Symmetric NAT – Hard NAT

In all above the internal device port is mapped to one single external facing port. 10.0.0.1:8000 has only 1 mapping externalIp:1234

In Symmetric NAT, we create a new mapping for each external client.

So 10.0.0.1:8000 will be exposed as externalIP:1234 to computer 1, but to computer 2 it gets exposed as externalIP:5678. And same port restricted cone applies here, so Computer 2 cannot send a packet to internal computer via 1234 since there was no originating packet to it from 1234

This brings in a challenge in webRTC peer to peer communication. Assume External Computer 1 is the Signalling server, and External Computer 2 is the User 2 who wants to talk to Internal computer. Since Signalling is happening on Port 1234, when External Computer 2 tries to reach back to Internal computer, it has no possible path since 5678 port has not been setup. It becomes the chicken and egg situation.

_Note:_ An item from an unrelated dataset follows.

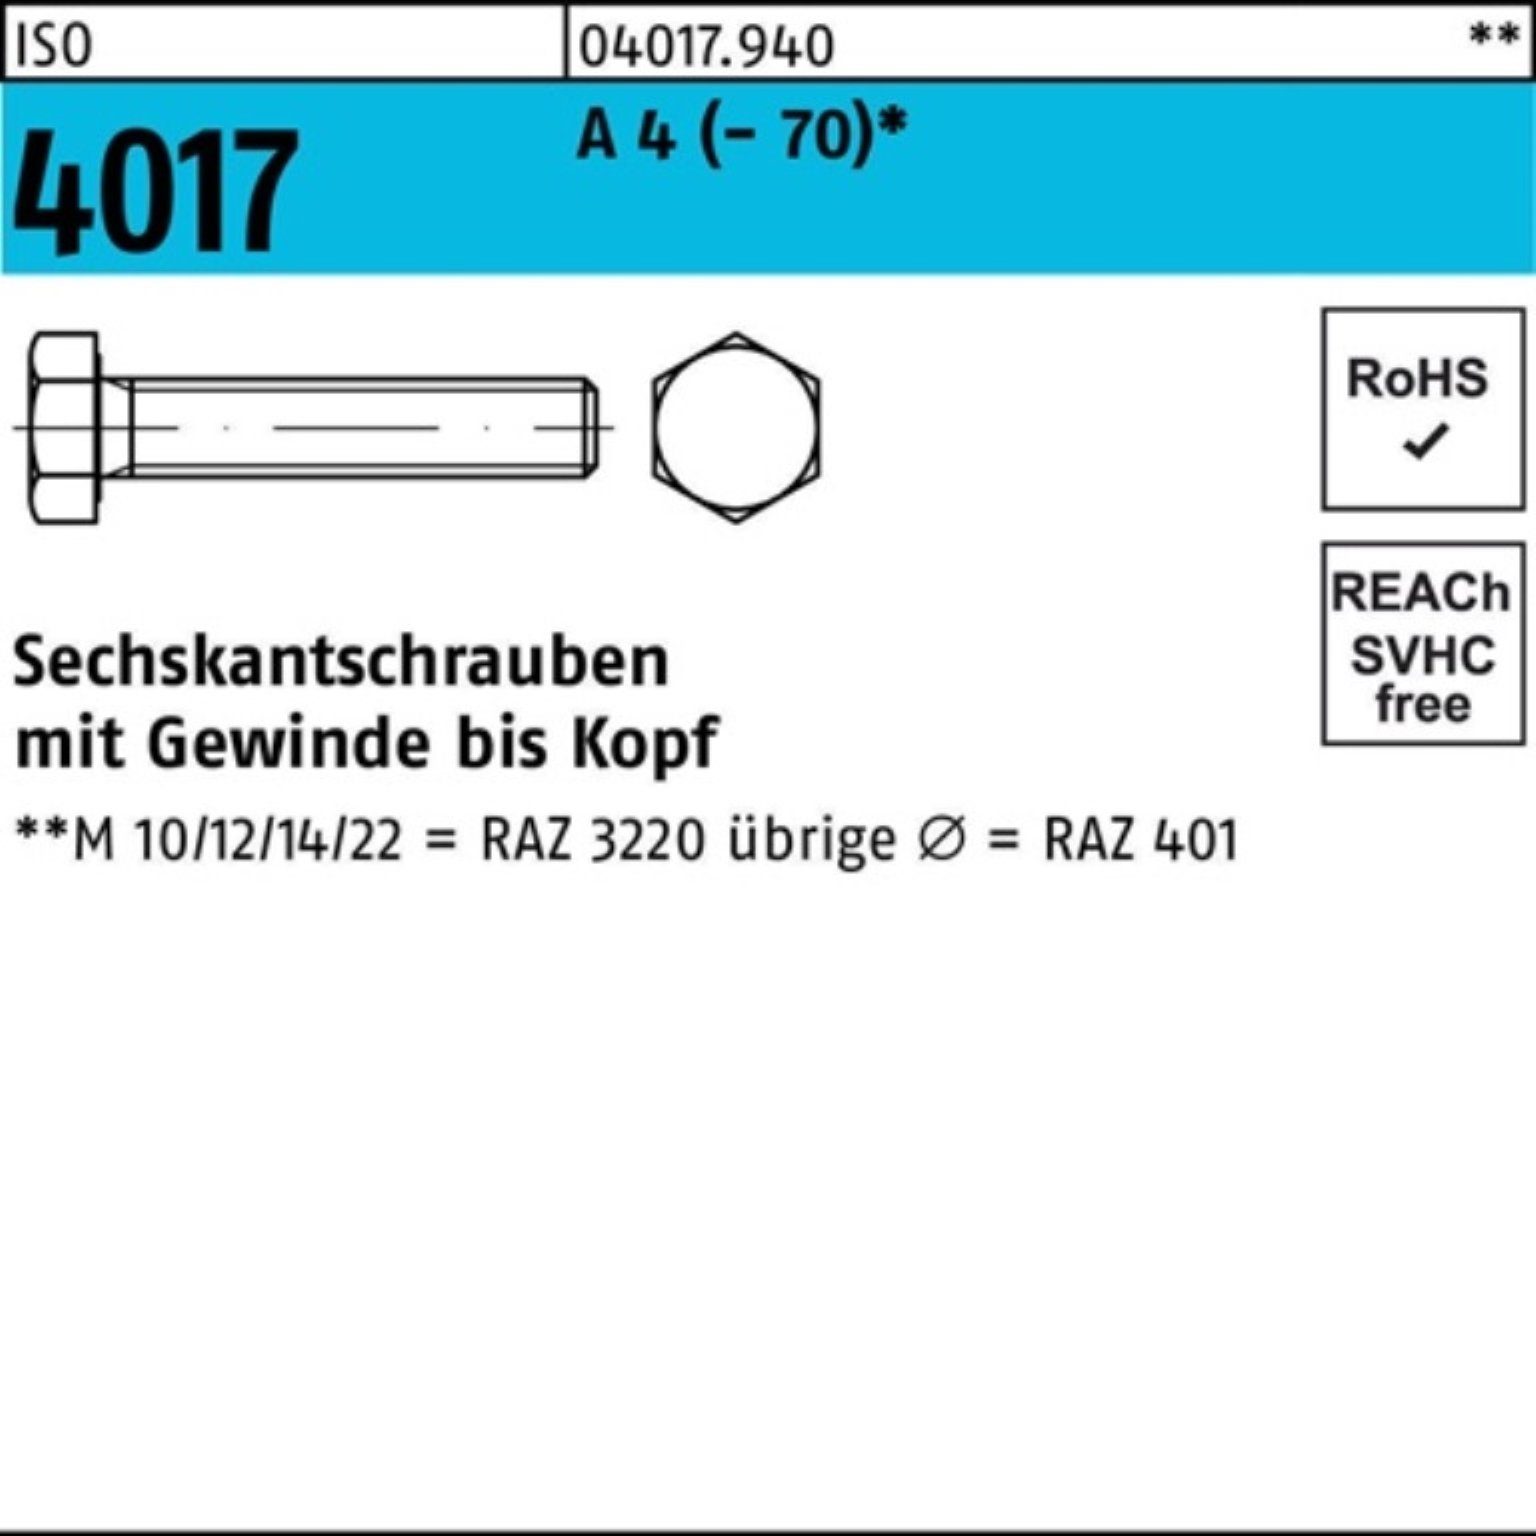 Bufab Sechskantschraube 200er Pack Sechskantschraube ISO 4017 VG M6x 40 A 4 (70) 200 Stück
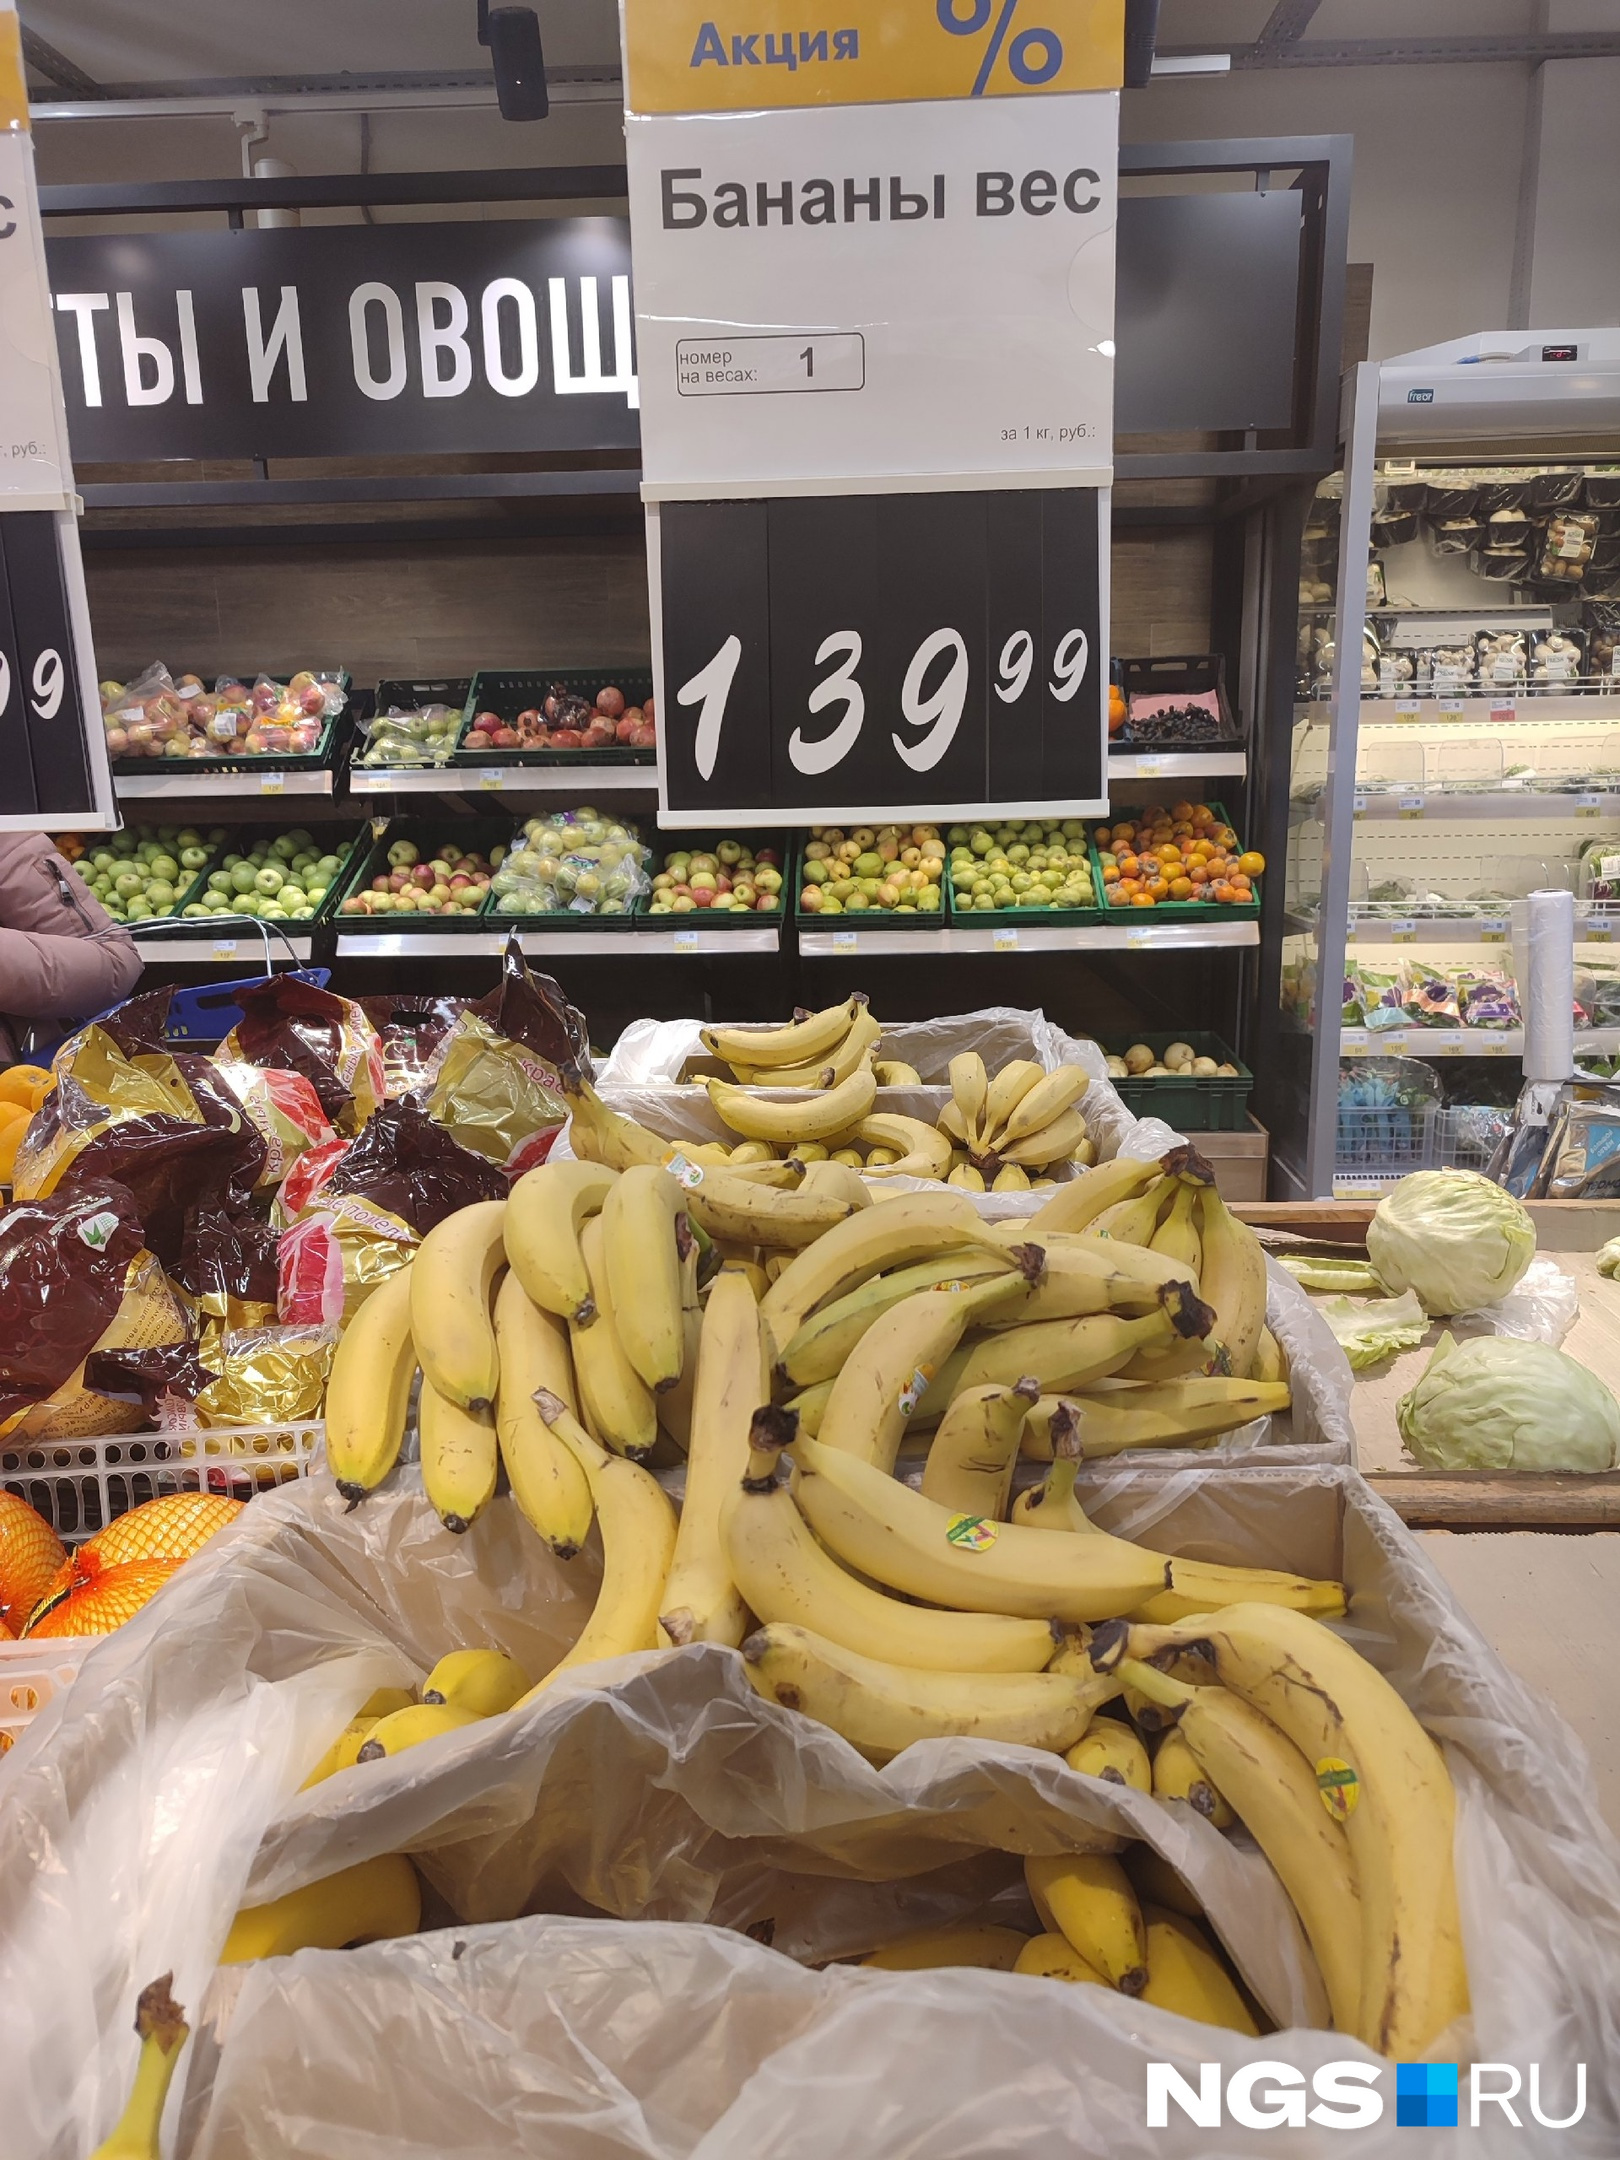 В «Ленте» за 1 килограмм бананов просят столько же, сколько в «Ярче!»

To overcome this we have to route the traffic between these clients using a intermediary server called the TURN server.

End to end flow

Lets look at the communication flow between the 2 peers. The first section is just message exchange over sockets, When both users are able to see their own streams, then they send a offer and answer with their stream information to each other.

First we create a room where the host and the participant can join.

This is done by client (User-1) sending a message over socket to server

socket.emit("create", roomName);

On server side we listen to this message, create the room and respond with “created”

socket.on("create", function (roomName) {
  let rooms = io.sockets.adapter.rooms;
  socket.join(roomName);
  socket.emit("created");
}

When the User-1 receives the “created” message, it builds up the stream and displays it to User-1

socket.on("created", function () {
  navigator.mediaDevices
    .getUserMedia({
      audio: false,
      video: { width: 360, height: 360 },
    })
    .then(function (stream) {
      var hostVideo = document.getElementById("host-video");
      hostVideo.srcObject = stream;
      hostVideo.onloadedmetadata = function (e) {
          hostVideo.play();
      };
    })
    .catch(function (err) {
      alert("Couldn't Access User Media");
    });
});

Now the room was ready as soon as the server responded with created message , and User-2 can also join.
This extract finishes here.